Project Summary/Abstract Low oxygen (hypoxic) environments are known to be important for maintaining the small number of adult stem cells in the human body, such as in bone marrow. These conditions are also believed to enable dormant cancer cells to survive and metastasize years or decades after the original tumor has been destroyed and the reason why bone marrow is one of the most common sites of cancer metastasis. Understanding of these conditions can drive the development of 3D cellular scaffolds for growing stem cells ex vivo, thus reducing the burden on requiring bone marrow transplants, and for developing therapeutics that prevent cancer relapse. This project proposes to develop the first quantitative oxygen tomographic imaging system called BONES (Bio-tissue Oxygenation Nanophosphor Enabled Sensing) to address the critical need for high resolution imaging of oxygen concentrations in hypoxic (low oxygen) tissues such as bone marrow. The technique is based on developments in x-ray luminescence computed tomography, an emerging molecular imaging technique capable of achieving cellular level resolution and high sensitivities. The approach uses x-rays to excite oxygen-sensitive nanophosphors that emit near-infrared photons to finally enable 3D oxygen measurements in deep bone marrow. Because the technique requires a multidisciplinary team with x-ray expertise, nanophosphor expertise, near-infrared detection expertise, and algorithms for quantifying the concentrations and minimizing dose, this STTR fast-track proposal involves several institutions with deep expertise in their respective domains. The proposed Phase I 6-month project is a proof-of- principle demonstration of a breadboard system used on nanophosphors in low oxygen solutions and embedded in bone. The proposed Phase II 24-month project is to develop a complete prototype system and experimentally verify its performance.

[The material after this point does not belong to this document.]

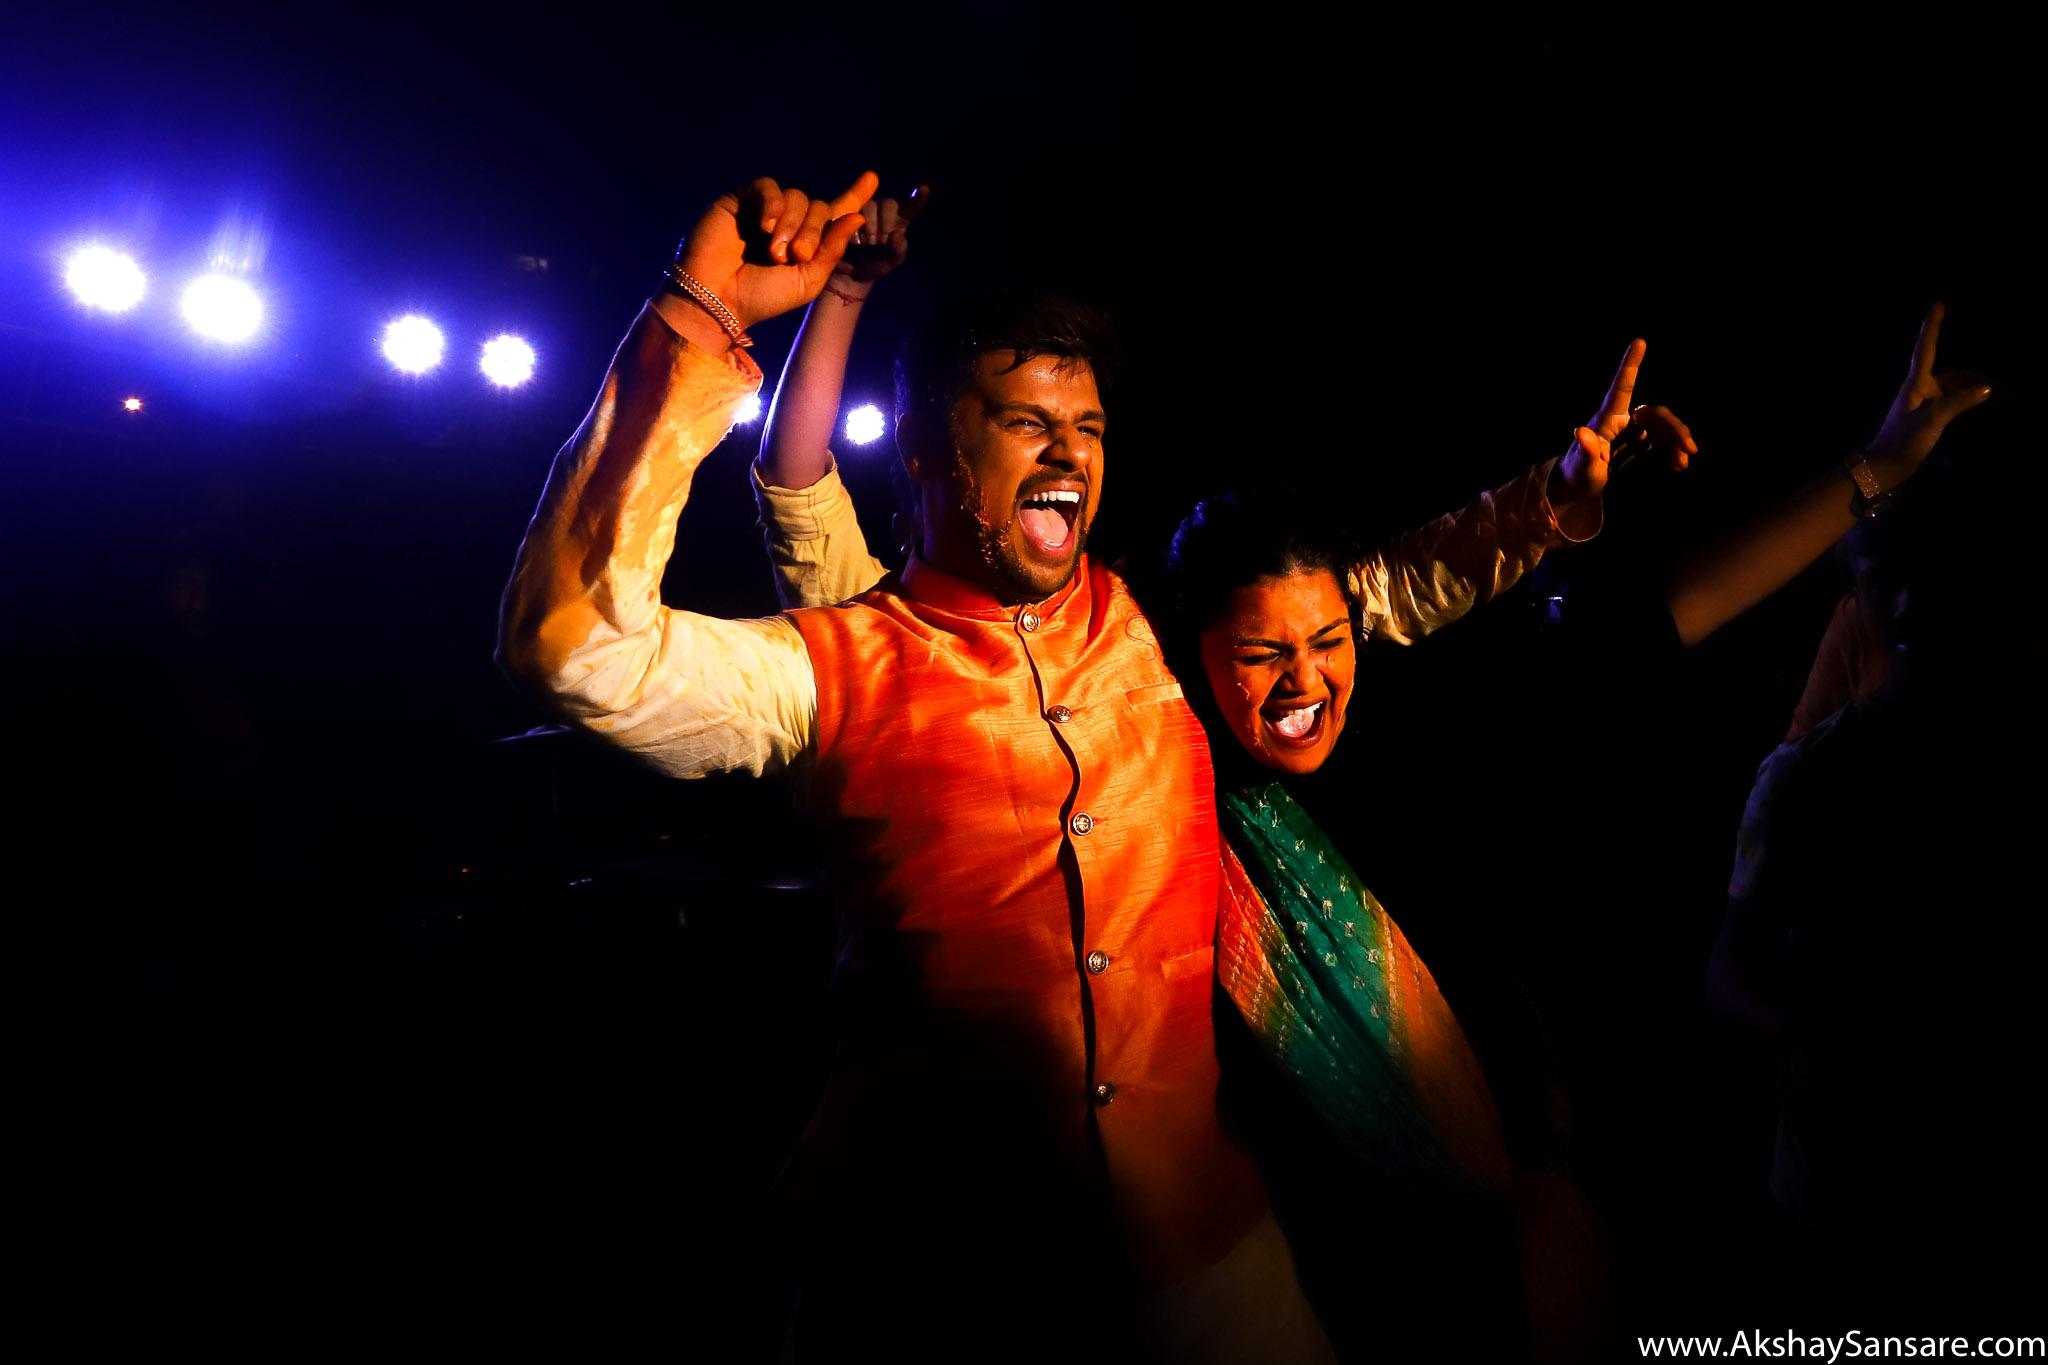 Aditya x Poonam Blog Akshay Sansare Photography Candid Photographer in Mumbai Best Cinematic wedding film filmer-6.jpg
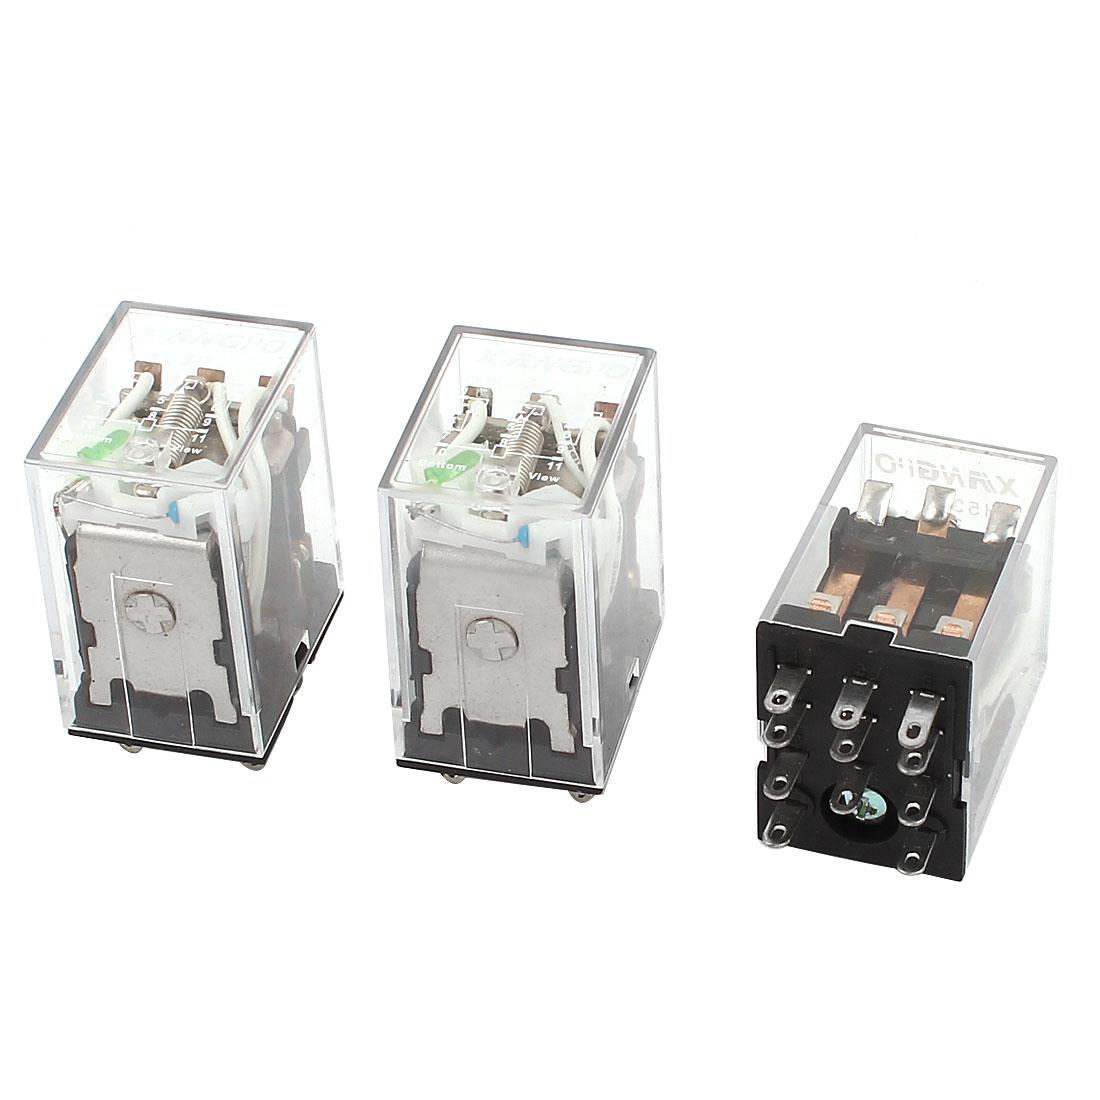 HH53PL 11Pins 3PDT DC 24V Coil Voltage Green LED Pilot Lamp Power Relay 3 Pieces

项目总结/摘要 已知低氧（缺氧）环境对于维持小的 人体内的成体干细胞数量，如骨髓。这些条件 也被认为使休眠的癌细胞在数年或数十年后存活并转移 原来的肿瘤已经被破坏，骨髓是最重要的原因之一， 癌症转移的常见部位。了解这些条件可以推动 开发用于离体生长干细胞的3D细胞支架，从而减轻 需要骨髓移植，以及开发预防癌症复发的治疗方法。 该项目拟开发第一个定量氧断层成像系统 名为BONES（生物组织氧合纳米荧光启用传感），以解决关键的 需要低氧（低氧）组织中氧浓度的高分辨率成像 骨髓。该技术是基于X射线发光计算的发展 断层扫描，一种新兴的分子成像技术，能够实现细胞水平 分辨率和高灵敏度。该方法使用x射线激发氧敏感 发射近红外光子的纳米荧光粉，最终实现3D氧气测量， 深入骨髓 由于这项技术需要一个具有x射线专业知识的多学科团队， 专业知识，近红外检测专业知识和量化浓度的算法 和最大限度地减少剂量，这个STTR快速通道建议涉及几个机构， 在各自领域的专业知识。第一阶段为期6个月的项目是一个证明- 一种用于低氧环境下纳米荧光粉的试验板系统的原理演示 溶液并嵌入骨中。建议的第二阶段24个月项目是开发一个 完成了原型系统，并通过实验验证了其性能。